On the Second Day of Christmas – Nadia Khan

On the second day of Christmas...Today Nadia Khan from Irwin Mitchell’s Real Estate Disputes team examines the case of A Grantor v A Grantee which sets out the Tribunal’s jurisdiction in relation to awarding costs when it acts as an Arbitrator.

The Upper Tribunal (Lands Chamber) considered whether it had jurisdiction to award costs in circumstances where it had acted as an arbitrator and had allowed the claimant landowner and grantor’s claim for compensation for ‘injurious affection’. The Upper Tribunal refused the grantee’s (respondent’s) argument that the tribunal had no jurisdiction to award costs against it. 

The claimant was the current owner of land, where a pipeline ran through, pursuant to a deed of grant of easement of which the respondent had the benefit. The pipeline was placed consensually, without exercising compulsory purchase powers. The deed of grant included a clause providing for compensation to be payable to the claimant if the development was prevented due to the pipeline. It also included an arbitration clause providing for a reference to the Upper Tribunal to determine the quantum of that compensation. The deed made no mention to costs. As a result, an issue arose as to whether the Tribunal had jurisdiction to make an award for costs. 

The Upper Tribunal held that the tribunal had the power to award costs under r10(6)(b) of the Tribunal Procedure (Lands Chamber) Rules 2010, SI 2010/2600 as amended (“2010 Rules”), on the basis that the claimant had pleaded the claim under s7 of the Compulsory Purchase Act 1965 as a claim for injurious affection of land. In addition, when the tribunal had acted as an arbitrator to determine the reference by consent under s1(5) of the Lands Tribunal Act 1949, it had no power to award costs under s61 of the Arbitration Act 1996, it had the power to do so under 10(6)(b) of the 2010 Rules. 

Why is this important?

This case determines an important point of law in the Tribunal’s jurisdiction in relation to the context of significant amendments to the rules of awarding costs. 

The ruling carefully binds the Tribunal’s jurisdictions to award costs and to sit as an arbitrator in reference by consent, and the relevance of the Arbitration Act 1996. Significantly, the case determines that where the Upper Tribunal sits as an arbitrator, in reference by consent, the 1996 Act does not apply save for those provisions identified in rule 30 of the 2010 Rules.

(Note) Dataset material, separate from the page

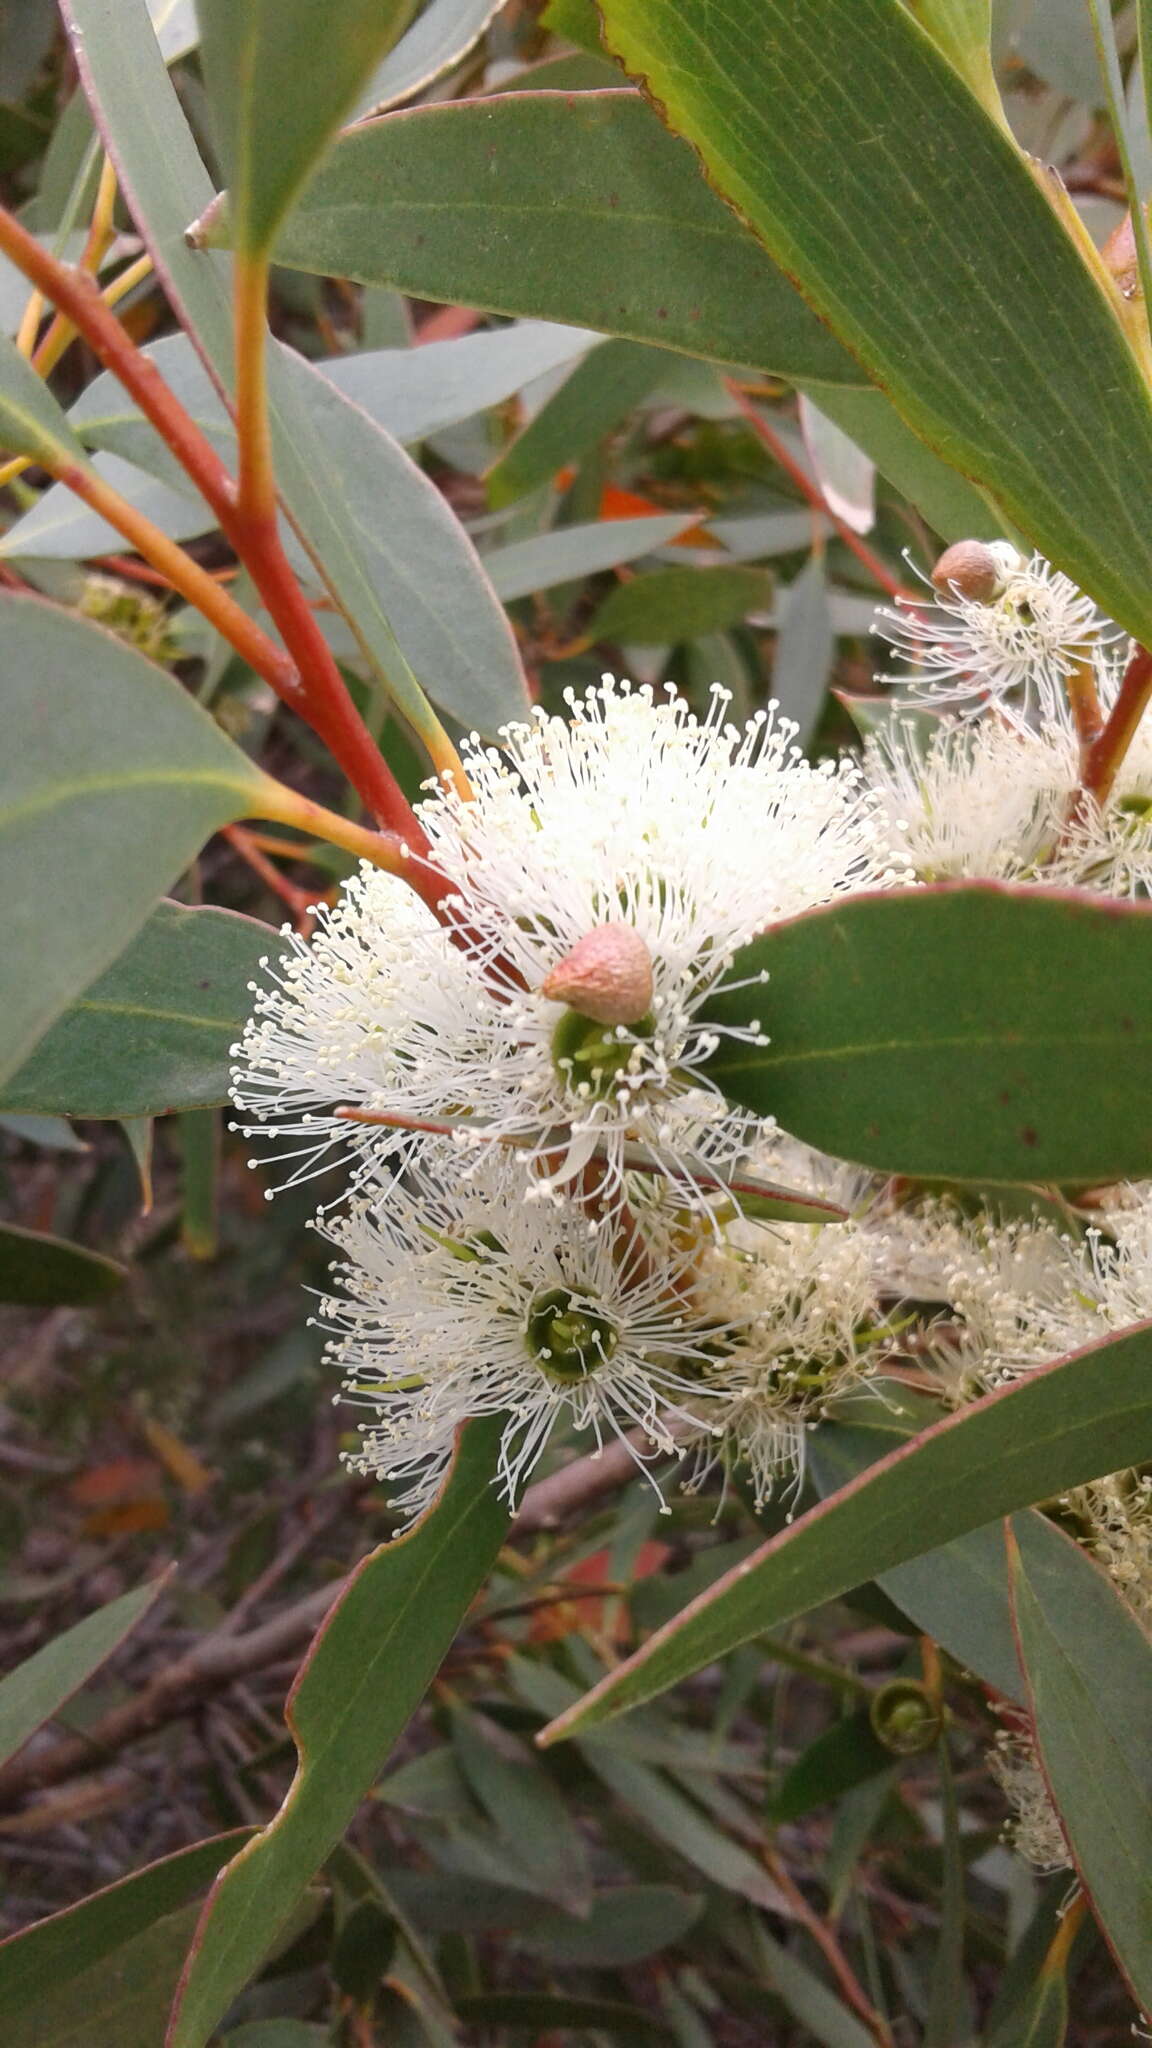 Image of Eucalyptus diversifolia subsp. diversifolia

Section 61, which deals with awards of costs, is not one of those provisions and therefore does not apply. 

The Tribunal’s only jurisdiction to award costs is set out in rule 10 of the 2010 Rules. That rule only provides for costs to be payable in particular cases. Although, the Tribunal accepted that this reference was one concerning ‘injurious affection’ within rule 10(6)(b), not all disputes will fall within the identified categories. In such instances, a costs award would only be made in the case of unreasonable conduct or when parties have agreed that costs would be payable in accordance with rule 10(4).